Sulle ragioni per cui il conflitto si stia ora estendendo alle aree pashtune, le opinioni degli analisti divergono. Citato da Al Jazeera, l'analista politico del Balochistan Rafiullah Kakar ha affermato che si tratta di "uno sviluppo relativamente nuovo e significativo", e che "la volontà e la capacità del BLA di colpire al di fuori delle sue tradizionali zone di operazione indicano un ampliamento del suo raggio d'azione geografico", il che solleva anche interrogativi su un possibile livello di coordinamento tattico con il TTP. L'analista di sicurezza Iftikhar Firdous ha sottolineato che il TTP sta espandendo la propria influenza in Balochistan dal 2019, "inizialmente con materiale propagandistico a orientamento ideologico pubblicato in lingua balochi", e che il suo capo, Noor Wali Mehsud, ha dichiarato pubblicamente di voler stringere un'alleanza con le forze armate locali. Firdous ha inoltre rilevato che la strada nazionale N-50 collega i distretti a maggioranza pashtuna del Balochistan — come Zhob e Ziarat — passando per Quetta, con il Sud Waziristan, culla del TTP.

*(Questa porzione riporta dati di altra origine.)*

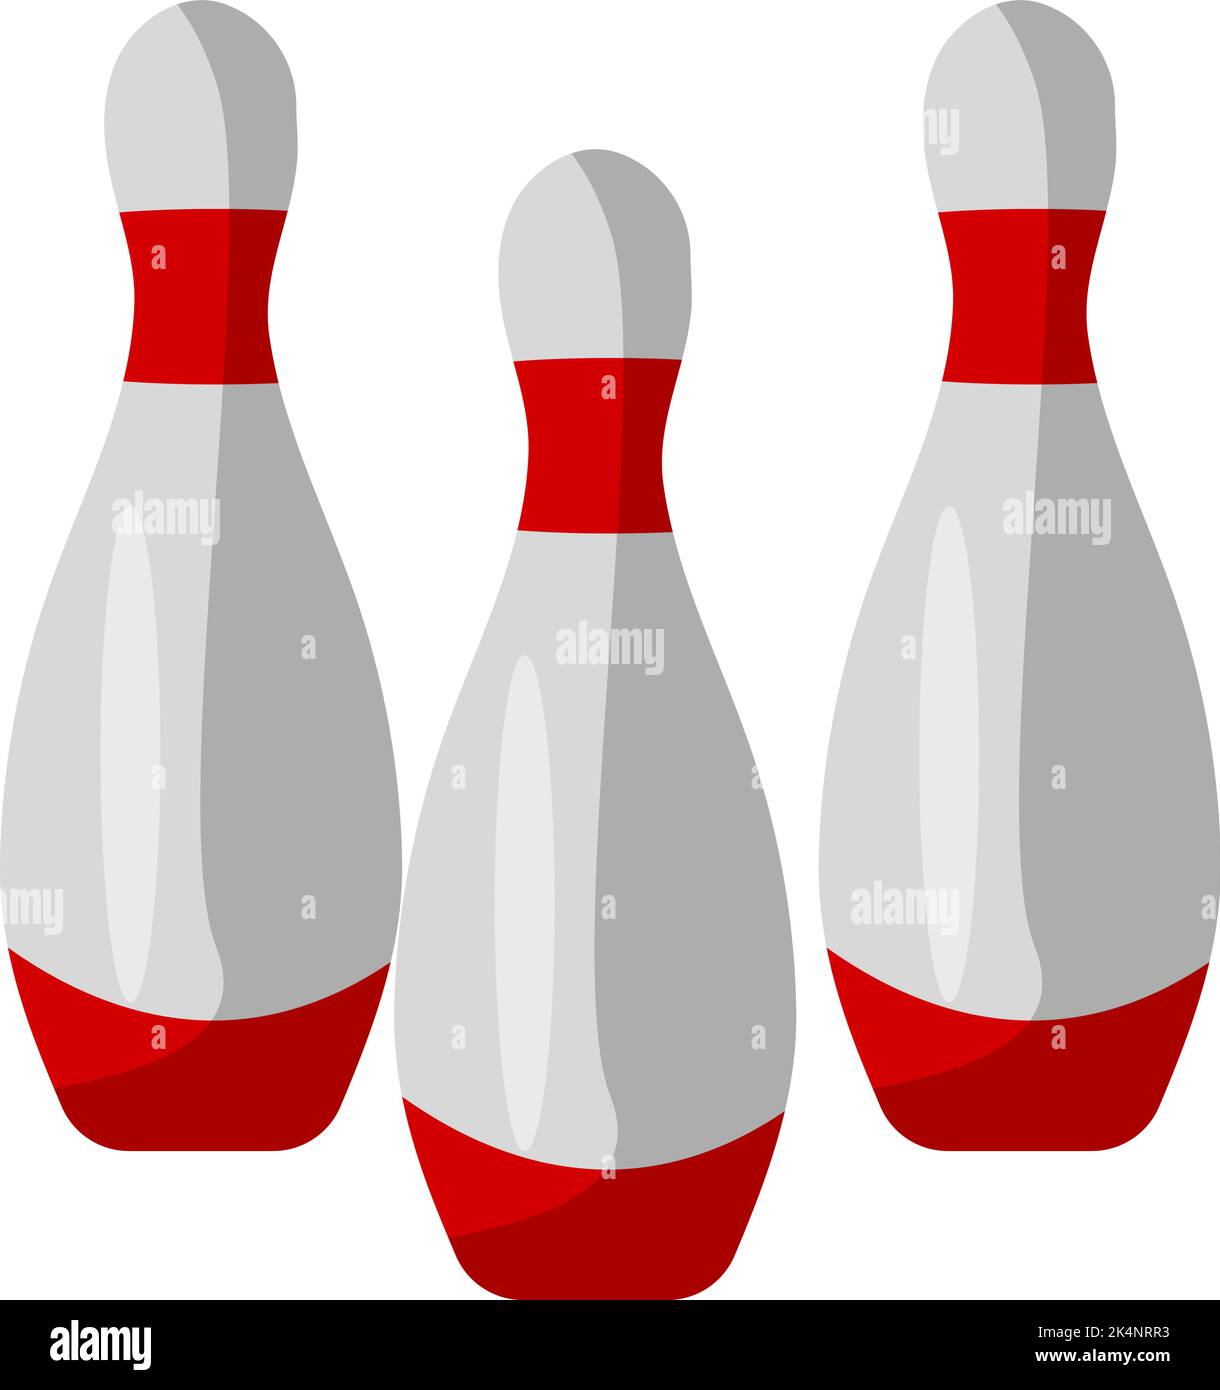 Alte Bowlingpins, Illustration, Vektor auf weißem Hintergrund. Stock Vektor

L'analista di sicurezza di Quetta Rahim Nassar ritiene che, dopo le principali operazioni militari lanciate dall'esercito pakistano nel Khyber Pakhtunkhwa a gennaio e febbraio, "la maggior parte dei militanti si sia spostata qui"; "la loro ripresa è iniziata dopo aprile e a giugno avevano ormai consolidato posizioni strategiche e aumentato notevolmente l'intensità degli attacchi". Nassar ha tuttavia precisato di essere personalmente incerto sull'esistenza di una cooperazione attiva tra TTP e BLA, due gruppi con divergenze ideologiche evidenti, propendendo piuttosto per la spiegazione "chiunque riesca a entrare in un'area, vi lancia un attacco".

Il ricercatore indipendente Imtiaz Baloch respinge anch'egli l'idea di attribuire la svolta a un'unica causa scatenante. In un'intervista ad Al Jazeera ha dichiarato: "L'insurrezione in Balochistan va intesa come un conflitto in evoluzione, plasmato da risentimenti accumulati e da calcoli strategici, e non come il frutto di un singolo fattore catalizzatore". Ha osservato che le vie di comunicazione nel nord del Balochistan erano in precedenza "sostanzialmente operative e difficili da colpire per i gruppi insurrezionali come accade altrove", il che le rende obiettivi particolarmente attraenti.

Analisti come Kakar avvertono che nelle aree pashtune esistono già malcontenti politici ed economici, comprese le proteste legate alla chiusura delle frontiere e alla limitazione dei mezzi di sussistenza transfrontalieri. Dopo l'uccisione dei poliziotti a luglio, i familiari delle vittime e partiti nazionalisti pashtun hanno organizzato a Quetta una veglia di protesta della durata di tre giorni, accusando il governo di aver abbandonato gli agenti in difficoltà senza soccorso. L'espansione dei gruppi armati verso queste aree, secondo Kakar, "rischia di approfondire il malcontento preesistente verso lo Stato, soprattutto quando le comunità percepiscono di subire contemporaneamente il costo economico di misure di sicurezza più severe e le conseguenze del peggioramento della sicurezza".